Department of Diagnostic and Interventional Neuroradiology, Guillaume et René Laennec University Hospital, Nantes, France.

Department of Diagnostic and Interventional Neuroradiology, University Hospital of Montpellier, Montpellier, France.

出版信息

Clin Neuroradiol. 2019 Dec;29(4):685-692. doi: 10.1007/s00062-018-0699-8. Epub 2018 Jun 12.

Abstract

PURPOSE

The susceptibility vessel sign (SVS) has been described on gradient echo (GRE) magnetic resonance imaging (MRI) in acute ischemic stroke patients by large vessel occlusion. The presence of SVS (SVS+) was associated with treatment outcome and stroke etiology with conflicting results. Based on multicenter data from the THRombectomie des Artères CErebrales (THRACE) study, we aimed to determine if the association between SVS and cardioembolic etiology (CE) was independent of GRE sequence parameters.

MATERIAL AND METHODS

Patients with a pretreatment brain GRE sequence were identified. Logistic regression tested the association between SVS+, CE, time from onset to imaging and GRE sequence parameters (e.g. echo time, voxel size, field strength). We calculated the sensitivity, specificity, positive and negative predictive values (PPV and NPV) for the SVS to predict a stroke from a CE.

RESULTS

An SVS+ was observed in 237 out of 287 (83%) patients.

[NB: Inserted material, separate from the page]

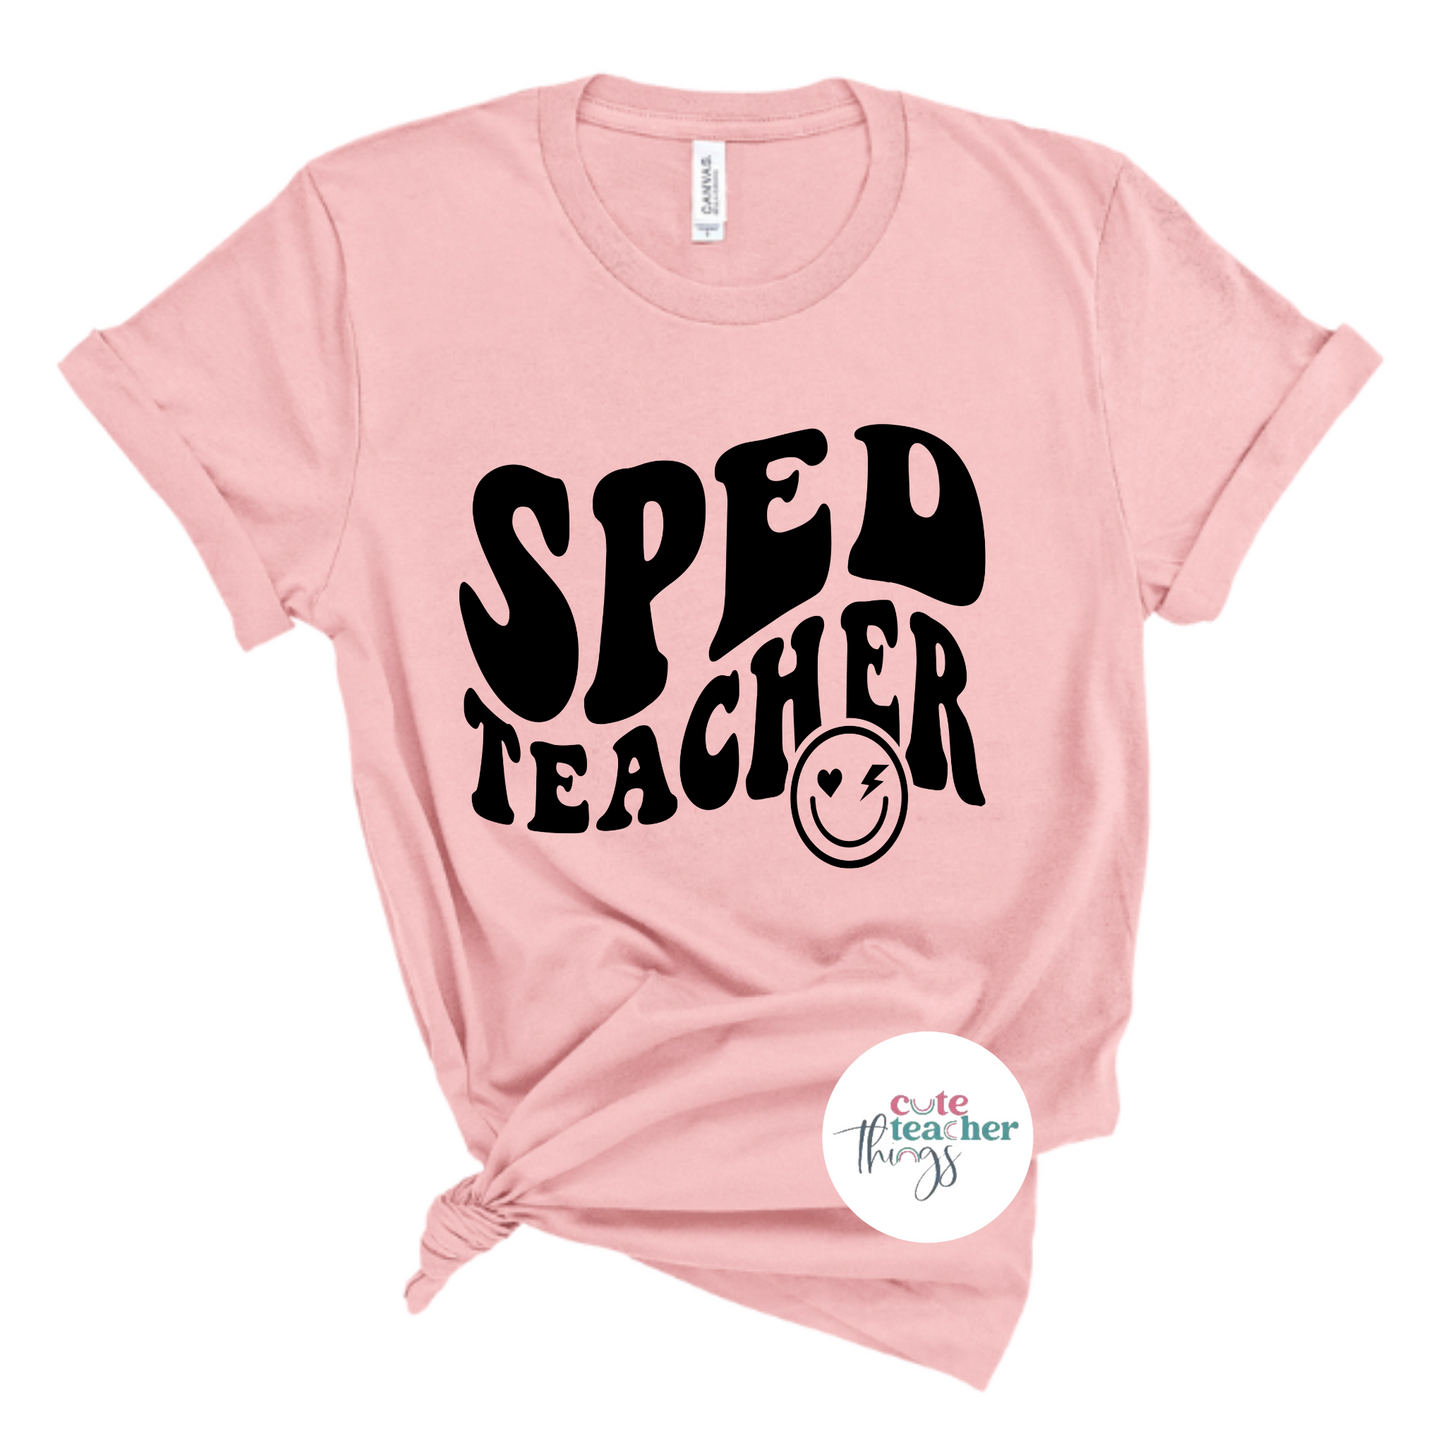 sped teachers shirt, sped team, sped squad

In the univariate analysis, there was a significant association between SVS+ and a CE with an odds ratio (OR) and 95% confidence interval (95% CI) of 2.10 (1.02-4.29), respectively (p = 0.04) but not with GRE sequence parameters. In multivariate analysis, there was an independent relationship between SVS+ and CE (OR [95% CI]: 2.14 [1.02-4.45], p = 0.04). Sensitivity and specificity of SVS+ to predict CE were 0.89 and 0.21, respectively. The PPV and NPV of SVS+ were 0.44 and 0.78, respectively.

CONCLUSION

The presence of SVS is associated to CE, independent of GRE sequence parameters. While the specificity and the PPV of the sign were low, CE seems less likely in the absence of an SVS.

摘要

目的

大血管闭塞性急性缺血性脑卒中患者的梯度回波(GRE)磁共振成像(MRI)上已经描述了易损血管征(SVS)。SVS 的存在(SVS+)与治疗效果和卒中病因有关,但结果存在矛盾。基于 THRombectomie des Artères CErebrales(THRACE)研究的多中心数据,我们旨在确定 SVS 与心源性栓塞(CE)病因之间的关联是否独立于 GRE 序列参数。

材料和方法

确定了接受治疗前脑 GRE 序列的患者。逻辑回归测试了 SVS+、CE、从发病到成像的时间和 GRE 序列参数(例如回波时间、体素大小、场强)之间的关联。我们计算了 SVS 预测 CE 卒中的敏感性、特异性、阳性和阴性预测值(PPV 和 NPV)。

结果

287 例患者中有 237 例(83%)观察到 SVS+。在单变量分析中,SVS+与 CE 之间存在显著关联,优势比(OR)和 95%置信区间(95%CI)分别为 2.10(1.02-4.29)(p=0.04),但与 GRE 序列参数无关。在多变量分析中,SVS+与 CE 之间存在独立关系(OR[95%CI]:2.14[1.02-4.45],p=0.04)。SVS+预测 CE 的敏感性和特异性分别为 0.89 和 0.21。SVS+的阳性预测值和阴性预测值分别为 0.44 和 0.78。

结论

SVS 的存在与 CE 相关,独立于 GRE 序列参数。虽然该征象的特异性和阳性预测值较低,但如果不存在 SVS,则 CE 不太可能发生。